Cooking: Spicy Sausage Crockpot Soup

Published 9/28/13 by:

Screen Shot 2013-09-28 at 1.38.38 PM


I don’t really enjoy cooking. I’m more of a consumer. I am making attempts at cooking more this year in order to save money, and be able to take it to school for lunch throughout my week. My main resource for recipes is Pinterest because people are pretty honest about the amount of time each recipe takes as well as the difficulty level. As I become a future chef of America, I’m looking for tasty, low-maintenance options. The low-maintenance isn’t because I’m incapable (according to my brother I’m a “decent cook”), but because I haven’t invested a lot of money in cooking utensils or paraphernalia. For instance, last week, I was making BBQ Chicken Mac & Cheese and it called for freshly grated cheese, but I didn’t have a grater. This sort of issue comes up more often than you think and I have to compromise. I’m also big on compromising measurements and ingredients in recipes. If I have something that’s “close” to what the recipe calls for, I’m not picky, and will just throw in what I have. Sometimes this results in disgusting meals, but as time marches on I’m getting better at guesstimating and substituting ingredients. The recipe I’ve included below is a combination of four different soup recipes I found on Pinterest. As a result of not having a huge pot to cook soups in, I also changed the apparatus to a crockpot/slow cooker. I don’t know what the parameters are for calling a recipe your own, so I’m going to put the disclaimer out there that I combined a lot of other people’s ideas for this one. Chefs/Diners beware: it’s a little on the spicy side! Cheers!
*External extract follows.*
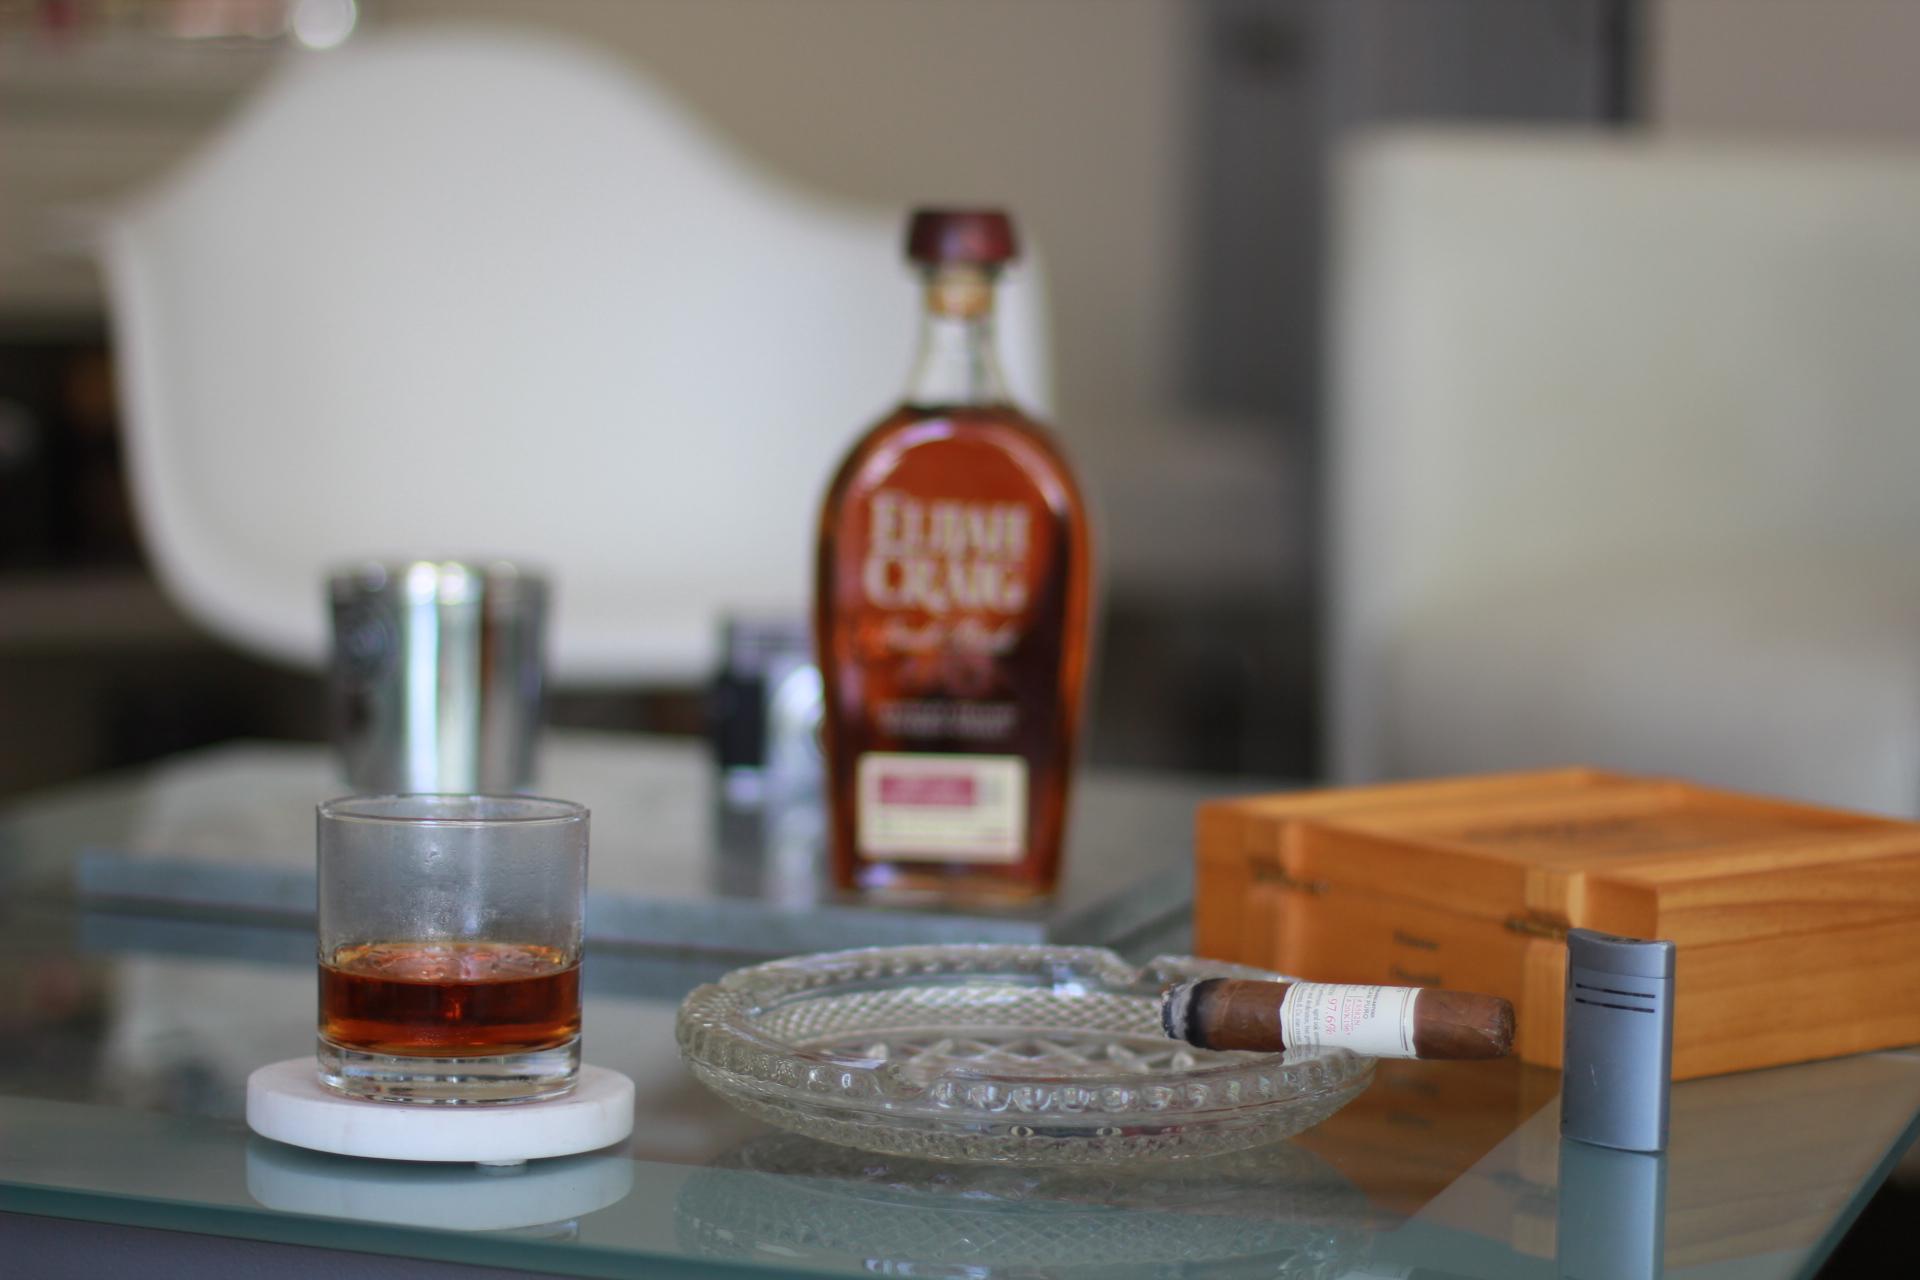 Enjoying a Gurkha cigar and whiskey

1 container (48 oz) of chicken broth

2 cans of Rotel diced tomatoes (flavor of your choice – I used lime cilantro)

1 package of chicken sausage diced  (flavor of your choice – I used Chorizo)

2 Tablespoons of minced garlic

2 peppers diced (color of your choice – I used yellow and orange)

1 box of pasta (shape and style of your choice – I used shells)

1 can of black beans drained (the beans didn’t add much to the mix, so use your best judgement)

1 red onion diced (optional – I didn’t use one and it was fine, but might add it in the future)

A dash of your favorite seasoning – I used taco seasoning.



Combine all of the ingredients into your crockpot except the pasta. Cook on low for two hours.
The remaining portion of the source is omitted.